Base-level dimension values correspond to the unique keys of a fact table.
A measure dimension is a dimension that has measures as dimension members. With a measure dimension, you can generate calculated measures for all of the measures in the cube simultaneously. Also, you do not have to create a new set of calculated measures for each measure that you add to the cube. The existing calculated measures apply to the new measure in the measure dimension. This is especially useful if you create new measures frequently.
A hierarchy is a way to organize data at different levels of aggregation. In viewing data, analysts use dimension hierarchies to recognize trends at one level, drill down to lower levels to identify reasons for these trends, and roll up to higher levels to see what affect these trends have on a larger sector of the business.
Each level represents a position in the hierarchy. Each level above the base (or most detailed) level contains aggregate values for the levels below it. The members at different levels have a one-to-many parent-child relation. For example,
Q2-05 are the children of
2005 is the parent of
Suppose a data warehouse contains snapshots of data taken three times a day, that is, every 8 hours. Analysts might normally prefer to view the data that has been aggregated into days, weeks, quarters, or years. Thus, the Time dimension needs a hierarchy with at least five levels.
Similarly, a sales manager with a particular target for the upcoming year might want to allocate that target amount among the sales representatives in his territory; the allocation requires a dimension hierarchy in which individual sales representatives are the child values of a particular territory.

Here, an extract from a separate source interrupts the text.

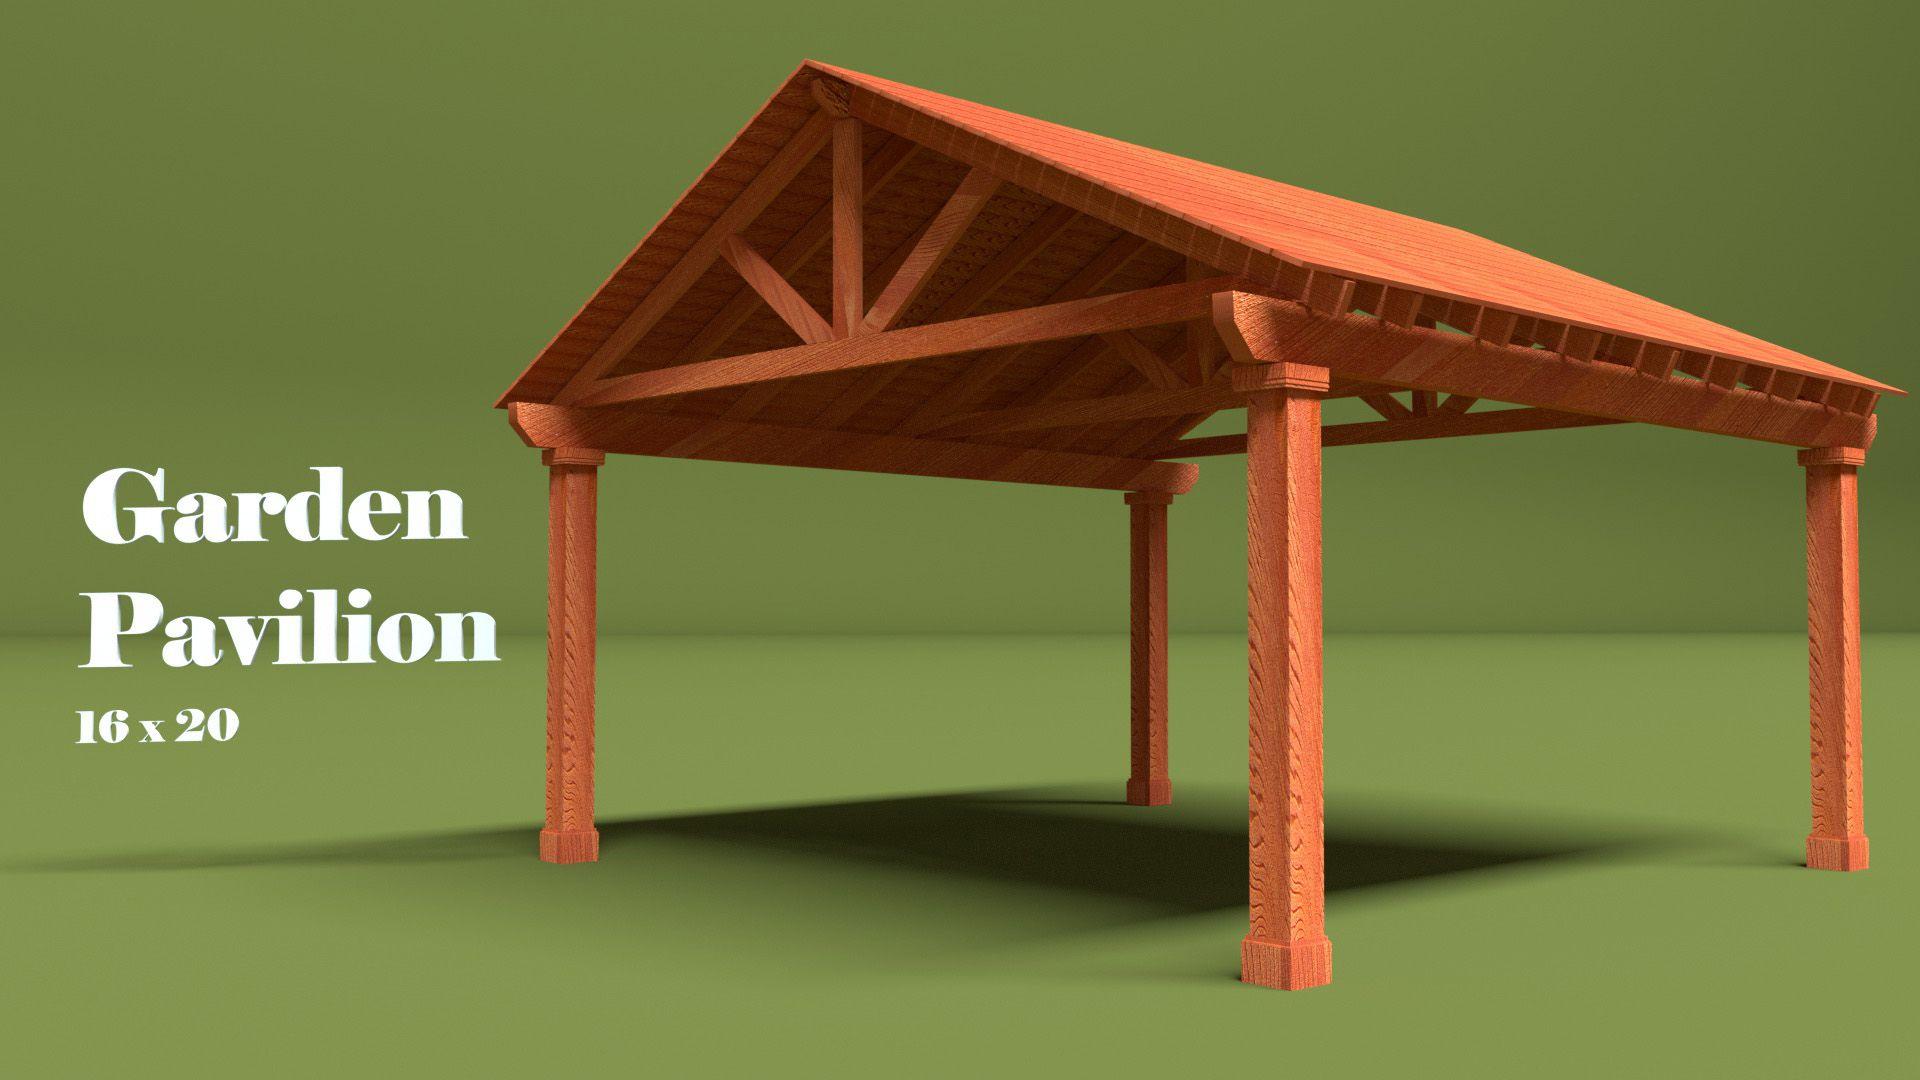 16×20 Western Red Cedar Pavilion in 2020 Pavilion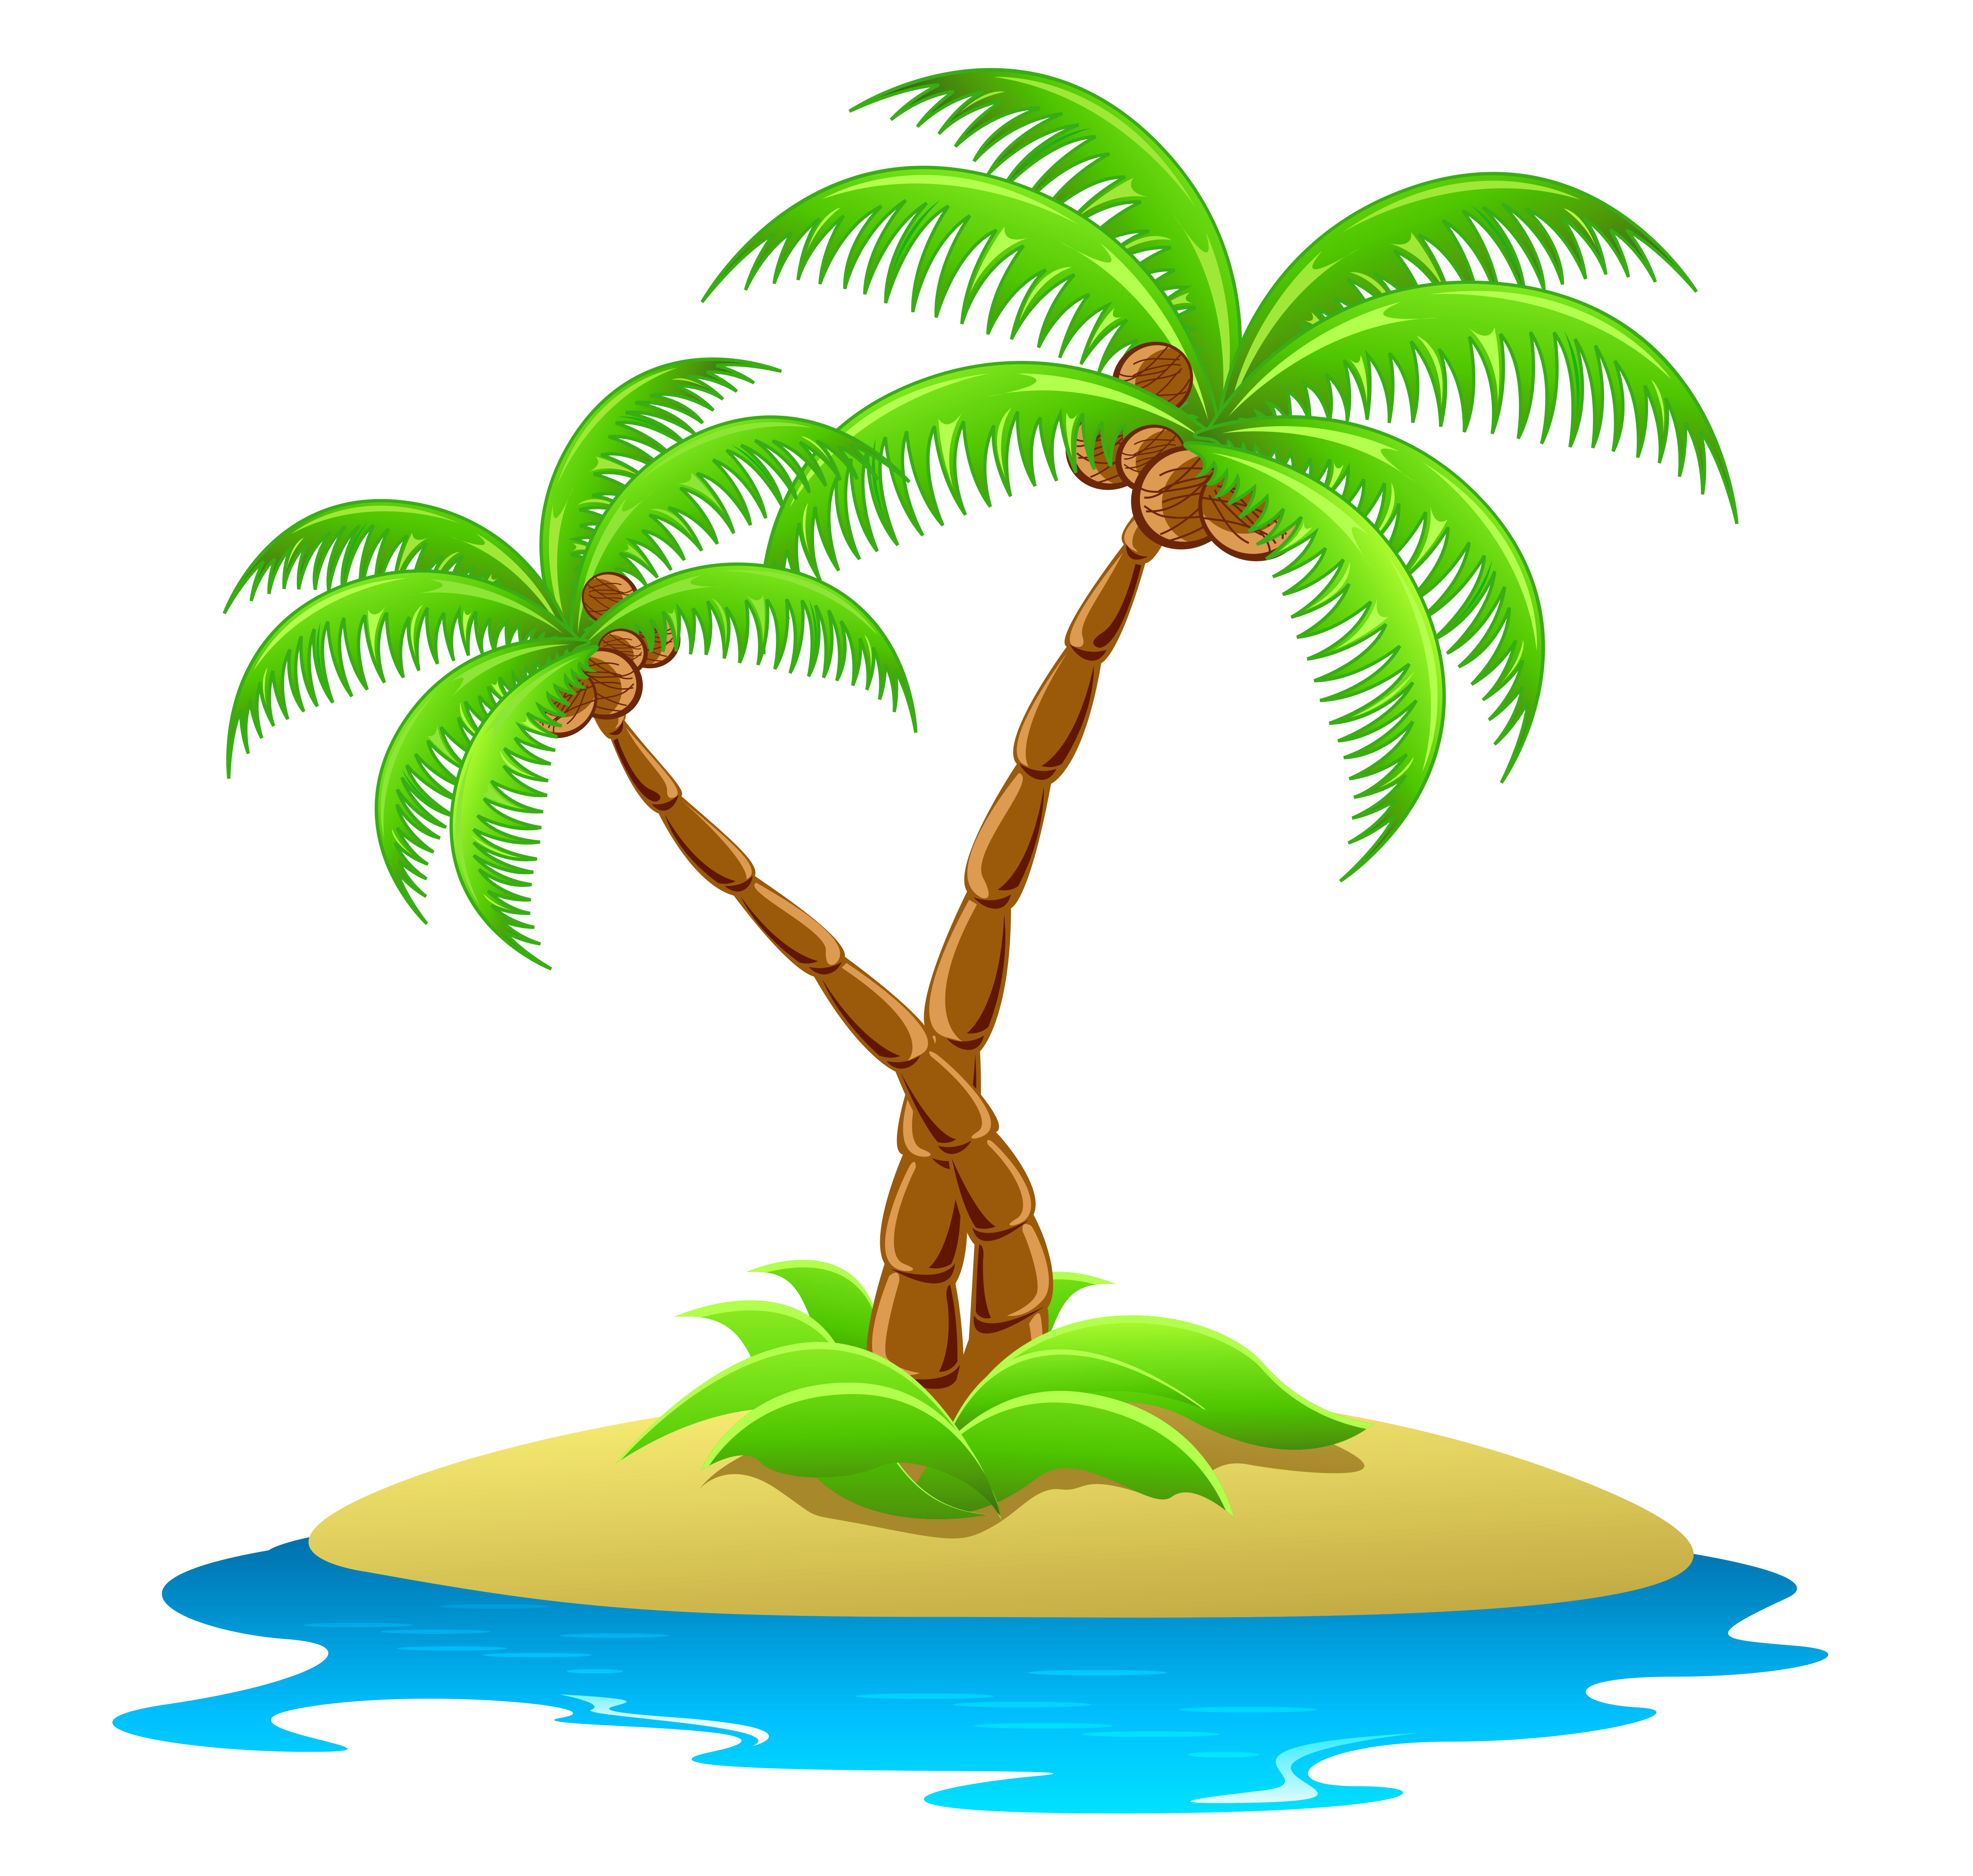 Island clipart #15

Hierarchies and levels have a many-to-many relationship. A hierarchy typically contains several levels, and a single level can be included in multiple hierarchies.
Each level typically corresponds to a column in a dimension table or view. The base level is the primary key.
Although hierarchies are typically composed of named levels, they do not have to be. The parent-child relations among dimension members may not define meaningful levels. For example, in an employee dimension, each manager has one or more reports, which forms a parent-child relation. Creating levels based on these relations (such as individual contributors, first-level managers, second-level managers, and so forth) may not be meaningful for analysis. Likewise, the line item dimension of financial data does not have levels. This type of hierarchy is called a value-based hierarchy.
An attribute provides additional information about the data. Some attributes are used for display. For example, you might have a product dimension that uses Stock Keeping Units (SKUs) for dimension members. The SKUs are an excellent way of uniquely identifying thousands of products, but are meaningless to most people if they are used to label the data in a report or a graph. You would define attributes for the descriptive labels.
You might also have attributes like colors, flavors, or sizes. This type of attribute can be used for data selection and answering questions such as: Which colors were the most popular in women's dresses in the summer of 2005? How does this compare with the previous summer?
Time attributes can provide information about the Time dimension that may be useful in some types of analysis, such as identifying the last day or the number of days in each time period.
Each attribute typically corresponds to a column in dimension table or view.